Run the ``setup_container.sh`` script with the proper arguments. Ensure ``LANDDA_INPUTS`` variable is set before running this script.
.. code-block:: console
./setup_container.sh -c= -m= -i=$img
where:
* ``-c`` is the compiler on the user's local machine (e.g., ``intel/2022.1.2``, ``intel-oneapi-compilers/2022.2.1``, ``intel/2023.2.0``)
* ``-m`` is the :term:`MPI` on the user's local machine (e.g., ``impi/2022.1.2``, ``intel-oneapi-mpi/2021.7.1``, ``cray-mpich/8.1.28``)
* ``-i`` is the full path to the container image ( e.g., ``$LANDDAROOT/ubuntu22.04-intel-landda-release-public-v2.0.0.img``).

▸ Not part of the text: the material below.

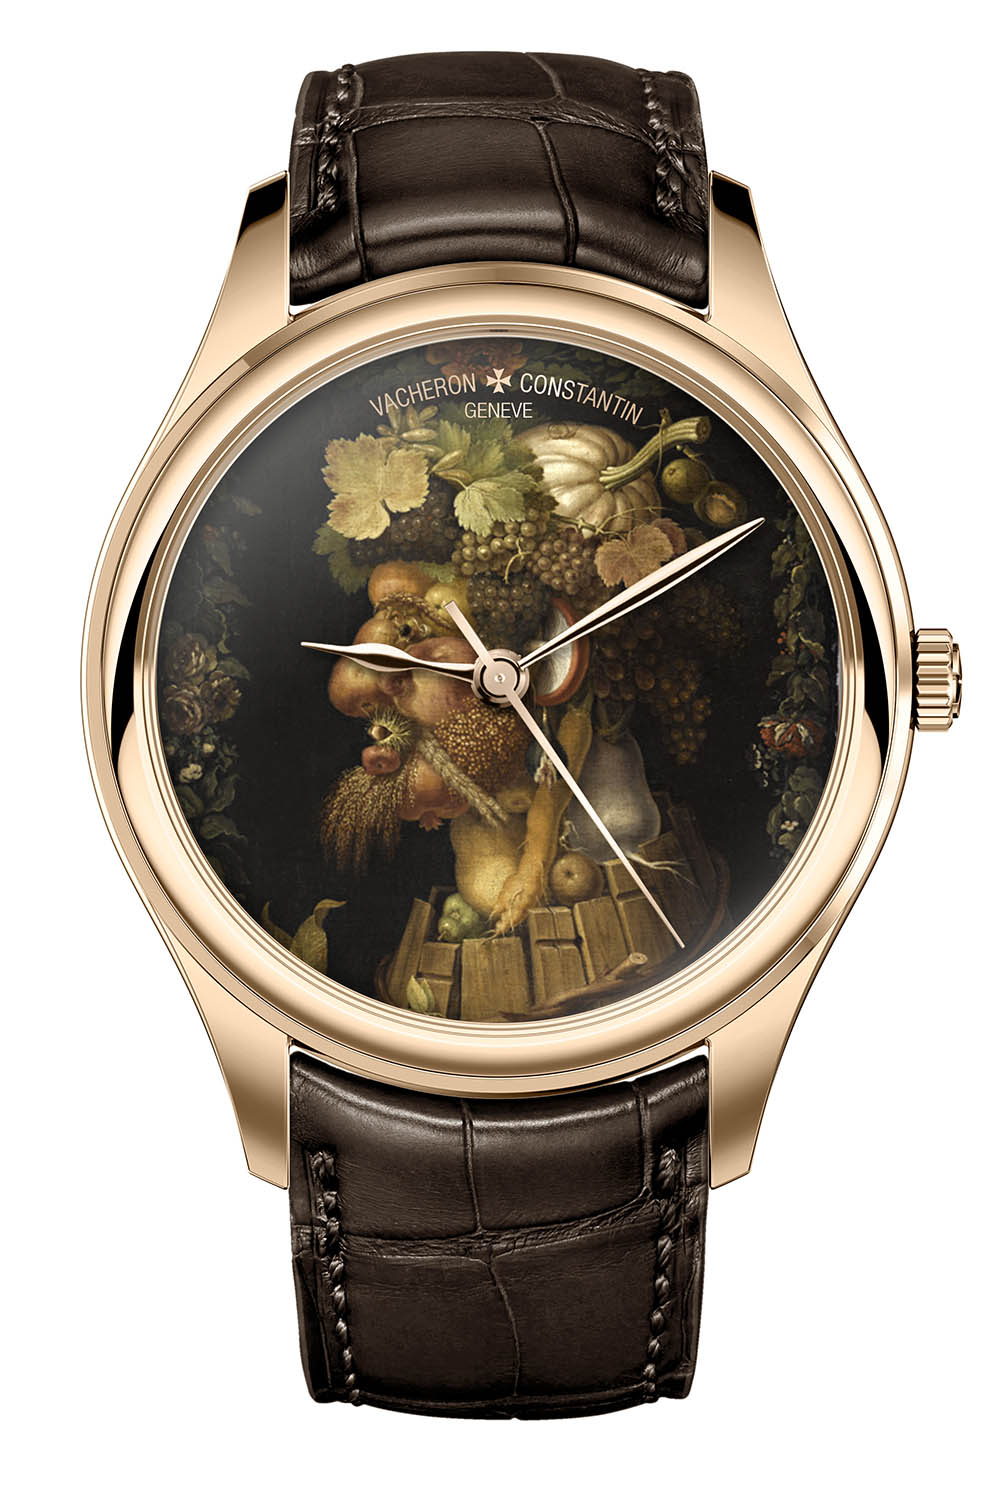 Bespoke Vacheron Constantin up for auction at the Louvre Museum - 3

When using a Singularity container, Intel compilers and Intel :term:`MPI` (preferably 2020 versions or newer) need to be available on the host system to properly launch MPI jobs. Generally, this is accomplished by loading a module with a recent Intel compiler and then loading the corresponding Intel MPI.
.. _ConfigureExptC:
Configure the Experiment
===========================
The user should now see the ``Land-DA_workflow`` and ``jedi-bundle`` directories in the ``$LANDDAROOT`` directory.
Because of a conda conflict between the container and the host system, it is best to load rocoto separately instead of using workflow files found in the ``modulefiles`` directory.
.. note::
On certain systems, some modules need to be loaded or a path appended before loading rocoto.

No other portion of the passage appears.